Die jungen Störche sind da
Im Mai kehre ich zu „meinen“ Störchen zurück. Wie ich mich nähere, sehe ich schon im ersten Nest einen kleinen Wollknäuel. „Mist, ich bin zu spät“ geht mir sofort durch den Kopf… Aber dann ist gleich die Freude zurück. Ein zweiter Baby-Storch streckt seinen Kopf nach oben und auch in den meisten anderen Nestern entdecke ich junge Störche.
Mittlerweile hat der Baum auf dem sich die meisten Nester befinden eine dichte Hülle aus Blättern bekommen und Nester die ich vor einem Monat noch im besten Abendlicht fotografieren konnte, sind jetzt gar nicht mehr zu sehen.
Besonders die beiden freistehenden Nester auf den Masten bieten mir jetzt tolle Fotomöglichkeiten, um die Aufzucht der Jungen festzuhalten. Wirklich fotogen sehen die Kleinen noch nicht aus. Der Flaum bedeckt noch nicht alle Bereiche ihrer Haut und auch die Federn an den Flügeln müssen erst wachsen. Es ist traumhaft zuzusehen wie sie von den Eltern großgezogen werden. Ein Elternteil ist ständig im Nest und bewacht den Nachwuchs, während der andere Elternteil unterwegs ist und Futter für die Kleinen herbeischafft. Die Rückkehr wird jedes Mal freudig erwartet und die Jungen stürzen sich bettelnd auf das Elternteil bis sie ihr Futter bekommen.

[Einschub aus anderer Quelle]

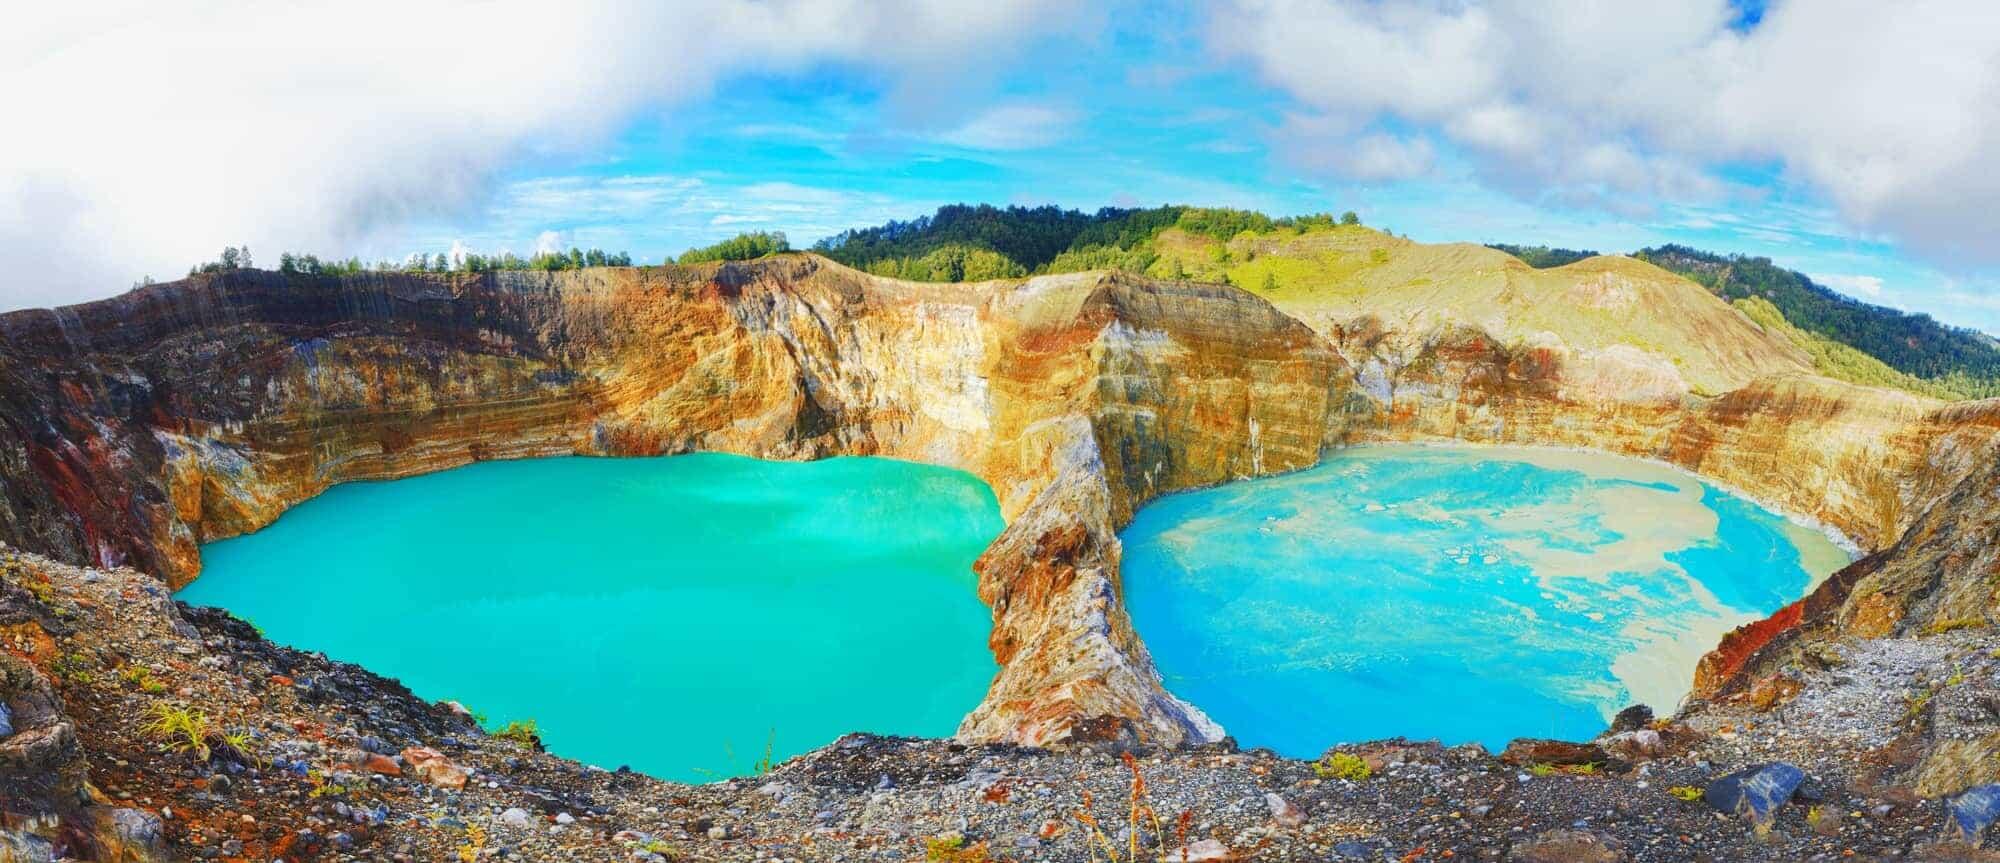 Volcanic lakes Ato Polo and Nuamuri koofai . National park Kelimutu.

Die Jungen werden von Mal zu Mal größer und wachsen in einem gewaltigen Tempo heran, die Eltern kommen fast nicht nach die hungrigen Mäuler zu stopfen.
Die Jungen werden groß
Mittlerweile ist es Ende Juni und ich rechne damit, dass die Jungen in wenigen Tagen ausfliegen werden. In den letzten Wochen ist ihr Federkleid gewachsen und beim Flugtraining im Nest sind sie schon abgehoben. Von der Größe sind sie kaum noch von den Eltern zu unterscheiden.
Für mich geht mein kleines Fotoprojekt über die Störche langsam zu Ende. Ich habe die Momente unglaublich genossen und es war genial die Störche über einen längeren Zeitraum „begleiten“ zu können.
Die Corona-Zeit brachte viele Änderungen in unser Leben. Ich habe versucht das Beste aus der Situation zu machen und wo immer es ging etwas Positives daraus zu ziehen. Seit Jahren bin ich gerade im Frühjahr immer unterwegs – Workshops, Fotoreisen, Scouting, Fotoprojekte… – meist in irgendwelchen Ländern, weg von Zuhause. Erst diese Situation hat mich dazu gezwungen, mich wieder mehr mit dem zu beschäftigen, das direkt vor der Haustüre liegt. Das war intensiv und toll und ich hoffe diese Erfahrungen auch zukünftig in meine Arbeit einfließen lassen zu können.